Hong W K, Nicaise C, Lawson R, Maroun J A, Comis R, Speer J, Luedke D, Hurtubise M, Lanzotti V, Goodlow J
University of Texas M.D. Anderson Cancer Center, Department of Medical Oncology, Houston 77030.
J Clin Oncol. 1989 Apr;7(4):450-6. doi: 10.1200/JCO.1989.7.4.450.
A total of 353 patients with previously untreated small-cell lung cancer (SCLC) were accrued in this multicenter trial. Patients were randomly assigned to receive one of the following three regimens: cyclophosphamide 1,000 mg/m2 intravenously (IV) day 1, vincristine 1.4 mg/m2 IV day 1, and etoposide 50 mg/m2 IV day 1, followed by etoposide 100 mg/m2/day orally days 2 through 5 (CEV); cyclophosphamide 1,000 mg/m2 IV day 1, vincristine 1.4 mg/m2 IV day 1, and doxorubicin 50 mg/m2 IV day 1 (CAV); cyclophosphamide 2,000 mg/m2 day 1 and vincristine 1.4 mg/m2 IV day 1 (CV). Cycles were repeated every 3 weeks. Treatment groups were comparable with respect to extent of disease, age, sex, performance status, and metastatic sites. No significant differences in response rates, response duration, or survival could be detected in limited disease, although there appeared to be a trend favoring CEV. Among extensive-disease patients, response duration on the CEV regimen was longer than on the CV regimen or the CAV program (P less than .001). The superiority of the CEV regimen was also demonstrated in the survival analysis in which differences attained statistical significance (P = .01). In this group the median survival was increased from 29 weeks on CV to 31 weeks on CAV and 39 weeks on CEV. Myelosuppression was the most frequent toxicity. It was more severe with CV than CEV or CAV. Most nonhematologic side effects were comparable among the three treatment groups.
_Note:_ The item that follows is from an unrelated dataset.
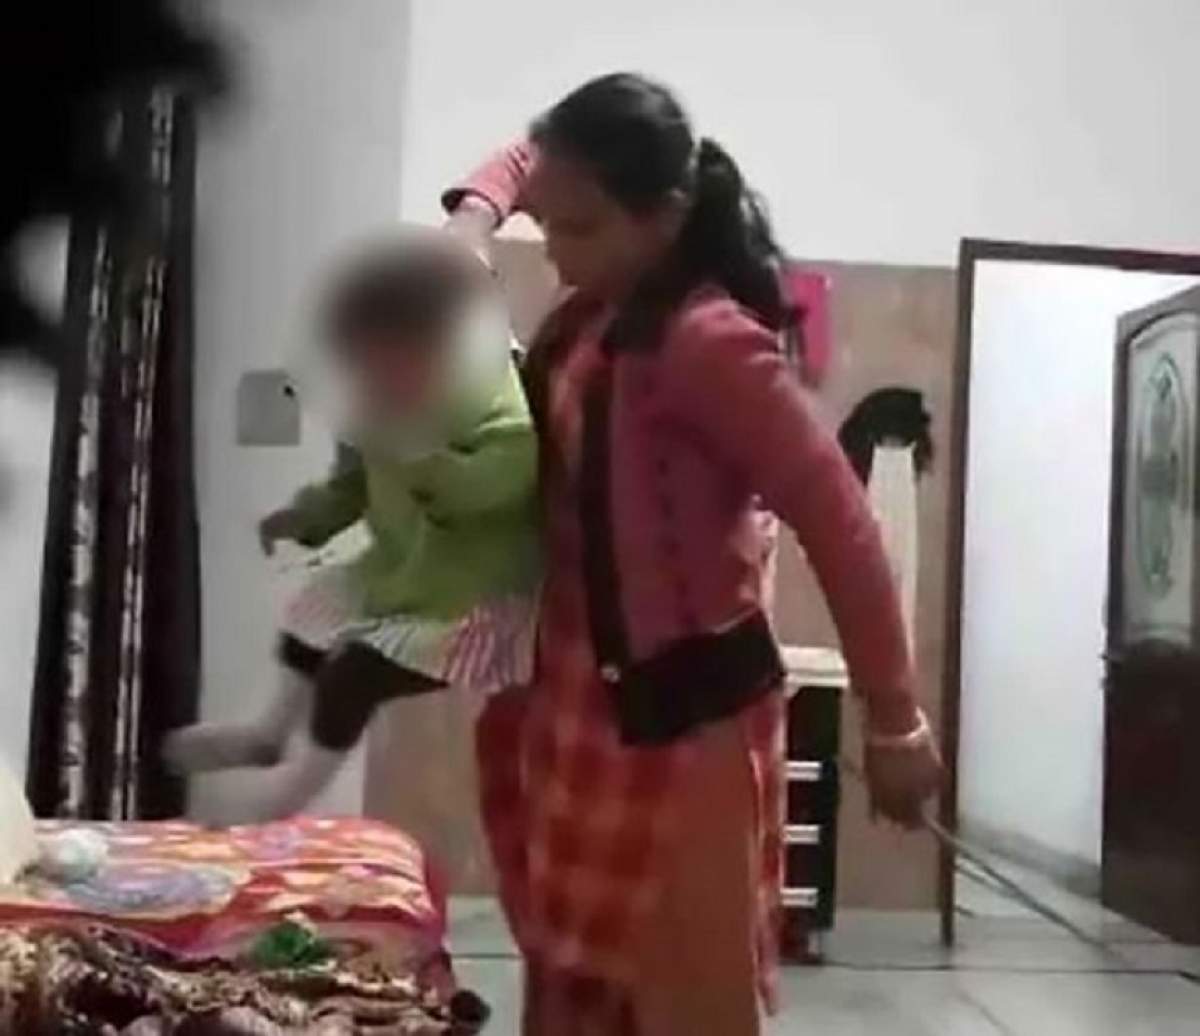 VIDEO / Au instalat o camera video şi au rămas şocaţi când au văzut cum era tratat copilul lor! Mama a început să plângă

However, the high doses of cyclophosphamide in the CV regimen produced a higher incidence of hemorrhagic cystitis than in the CEV or CAV programs (P less than .001). Cardiotoxicity only occurred in the CAV group (P = .05). The addition of etoposide to the CV regimen resulted in significantly longer response duration and survival without increased toxicity. Similarly, the substitution of etoposide for the doxorubicin in the CAV regimen was associated with prolonged survival and reduced cardiotoxicity.
在这项多中心试验中,共纳入了353例既往未接受过治疗的小细胞肺癌(SCLC)患者。患者被随机分配接受以下三种治疗方案之一:环磷酰胺1000mg/m²静脉注射(IV)第1天、长春新碱1.4mg/m² IV第1天、依托泊苷50mg/m² IV第1天,随后依托泊苷100mg/m²/天口服第2至5天(CEV);环磷酰胺1000mg/m² IV第1天、长春新碱1.4mg/m² IV第1天、阿霉素50mg/m² IV第1天(CAV);环磷酰胺2000mg/m²第1天和长春新碱1.4mg/m² IV第1天(CV)。每3周重复一个周期。治疗组在疾病范围、年龄、性别、体能状态和转移部位方面具有可比性。在局限性疾病中,未检测到缓解率、缓解持续时间或生存率的显著差异,尽管似乎有倾向于CEV的趋势。在广泛期疾病患者中,CEV方案的缓解持续时间长于CV方案或CAV方案(P<0.001)。CEV方案的优越性在生存分析中也得到了证实,差异具有统计学意义(P = 0.01)。在该组中,中位生存期从CV方案的29周增加到CAV方案的31周和CEV方案的39周。骨髓抑制是最常见的毒性反应。CV方案比CEV或CAV方案更严重。大多数非血液学副作用在三个治疗组中相当。然而,CV方案中环磷酰胺的高剂量导致出血性膀胱炎的发生率高于CEV或CAV方案(P<0.001)。心脏毒性仅发生在CAV组(P = 0.05)。在CV方案中加入依托泊苷可显著延长缓解持续时间和生存期,且不增加毒性。同样,在CAV方案中用依托泊苷替代阿霉素与生存期延长和心脏毒性降低相关。